2020-01-30 Thread Janne Johansson
Den tors 30 jan. 2020 kl 15:29 skrev Adam Boyhan :

> We are looking to role out a all flash Ceph cluster as storage for our
> cloud solution. The OSD's will be on slightly slower Micron 5300 PRO's,
> with WAL/DB on Micron 7300 MAX NVMe's.
> My main concern with Ceph being able to fit the bill is its snapshot
> abilities.
> For each RBD we would like the following snapshots
> 8x 30 minute snapshots (latest 4 hours)
> With our current solution (HPE Nimble) we simply pause all write IO on the
> 10 minute mark for roughly 2 seconds and then we take a snapshot of the
> entire Nimble volume. Each VM within the Nimble volume is sitting on a
> Linux Logical Volume so its easy for us to take one big snapshot and only
> get access to a specific clients data.
> Are there any options for automating managing/retention of snapshots
> within Ceph besides some bash scripts?

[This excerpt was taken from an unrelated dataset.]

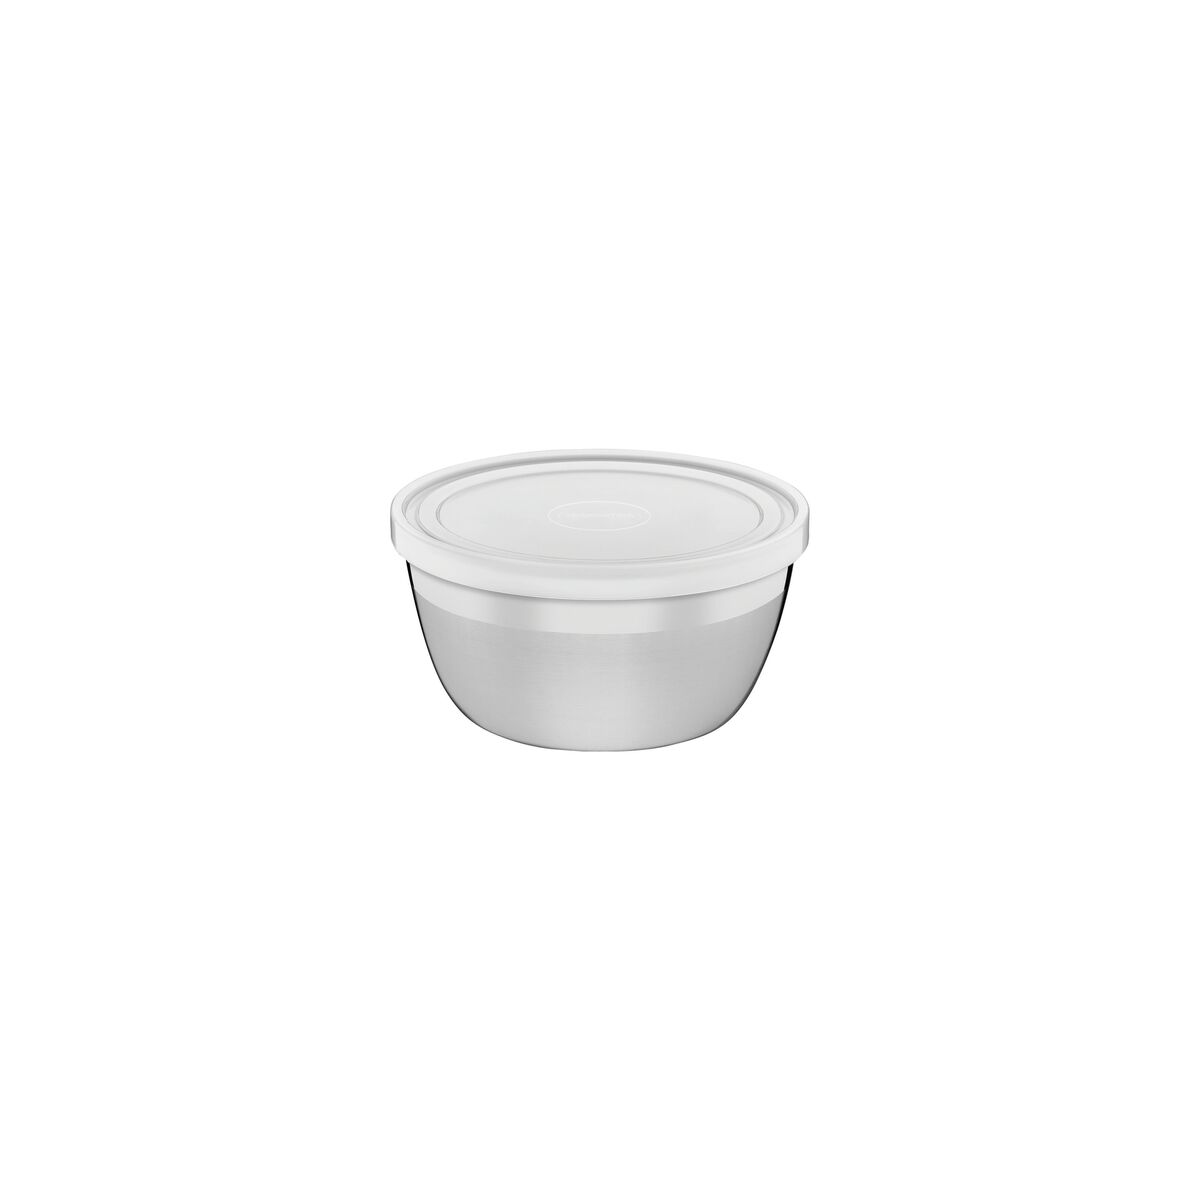 Tramontina Freezinox round stainless steel container with plastic lid, 0.3 L and 9 cm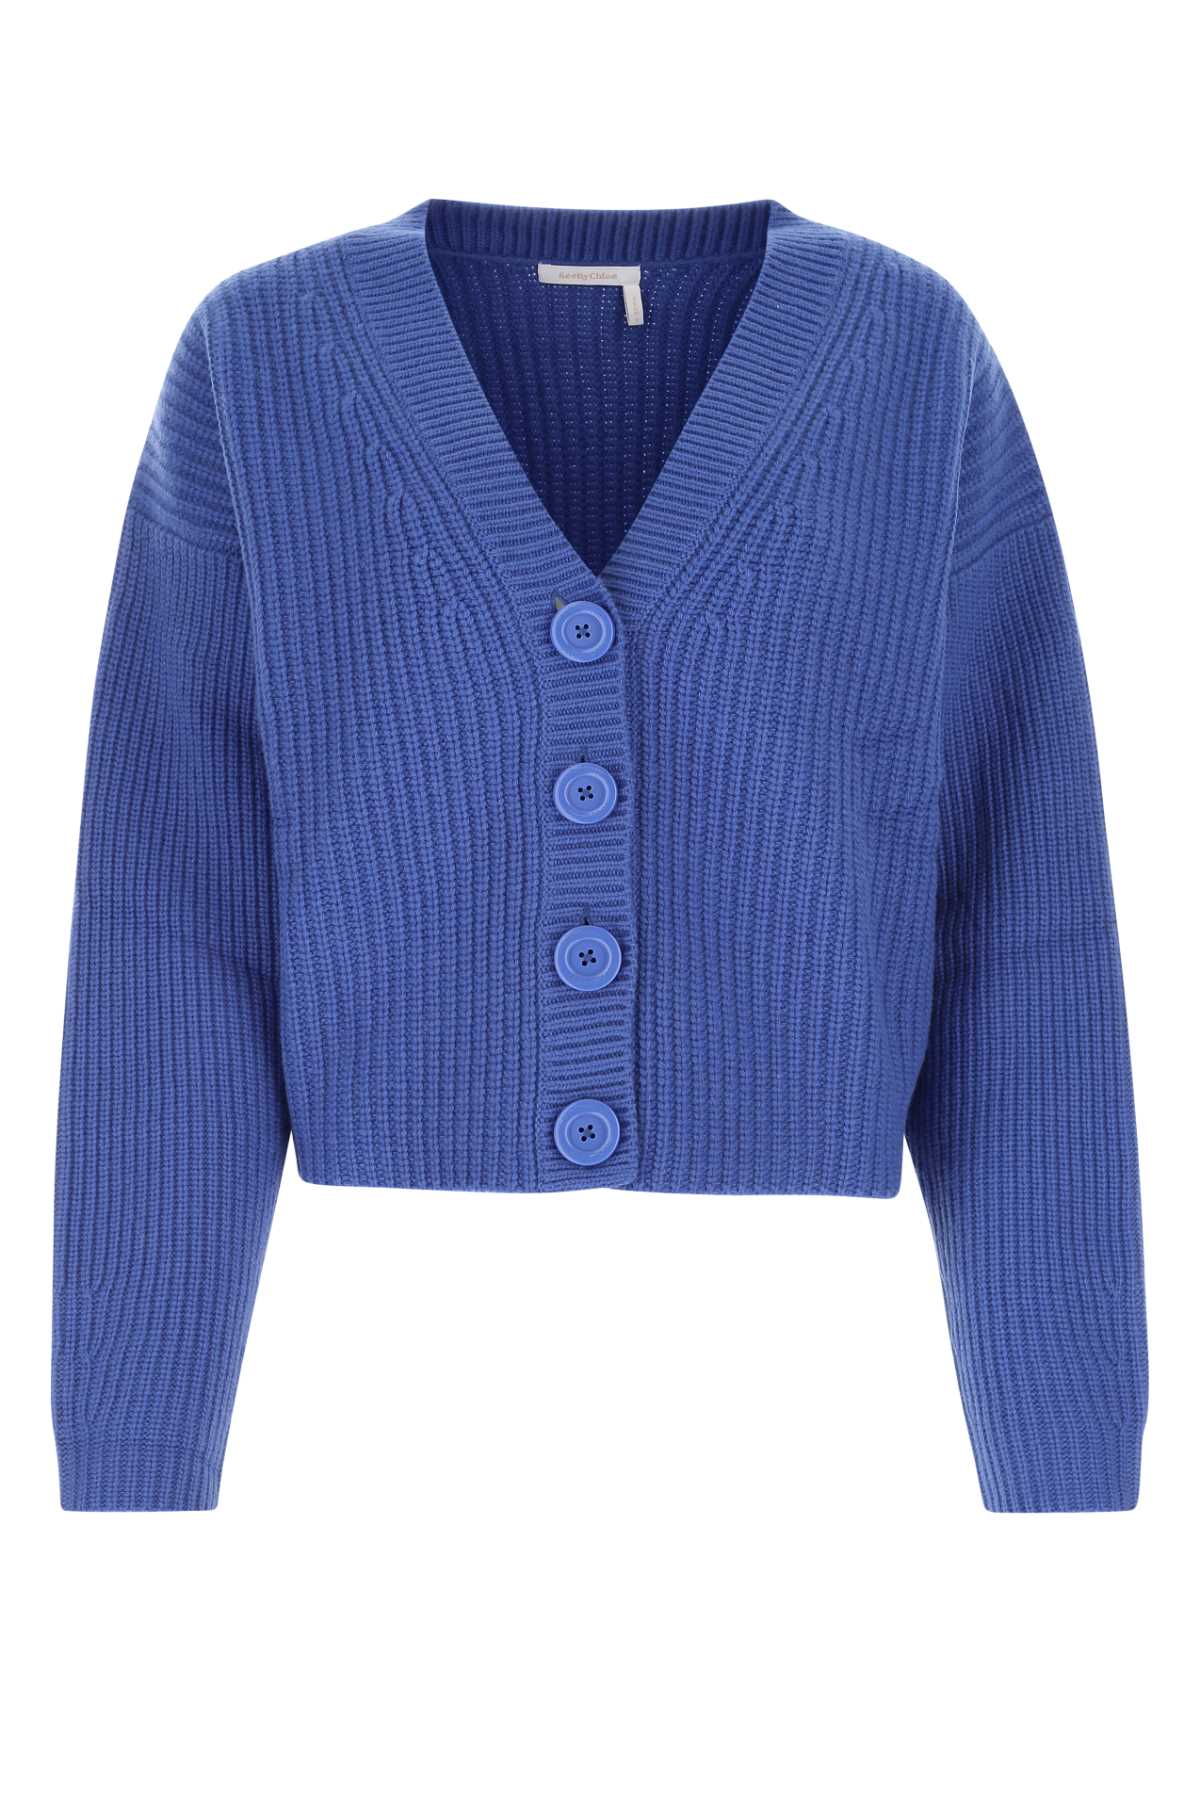 See by Chloé Cerulean Blue Wool Blend Oversize Cardigan

Is there anyway to take snapshots of
> all RBD's within a pool at a given time?
>

You could make a snapshot of the whole pool, that would cover all RBDs in
it I gather?

https://docs.ceph.com/docs/nautilus/rados/operations/pools/#make-a-snapshot-of-a-pool

But if you need to work in parallel with each snapshot from different times
and clone them one by one and so forth, doing it per-RBD would be better.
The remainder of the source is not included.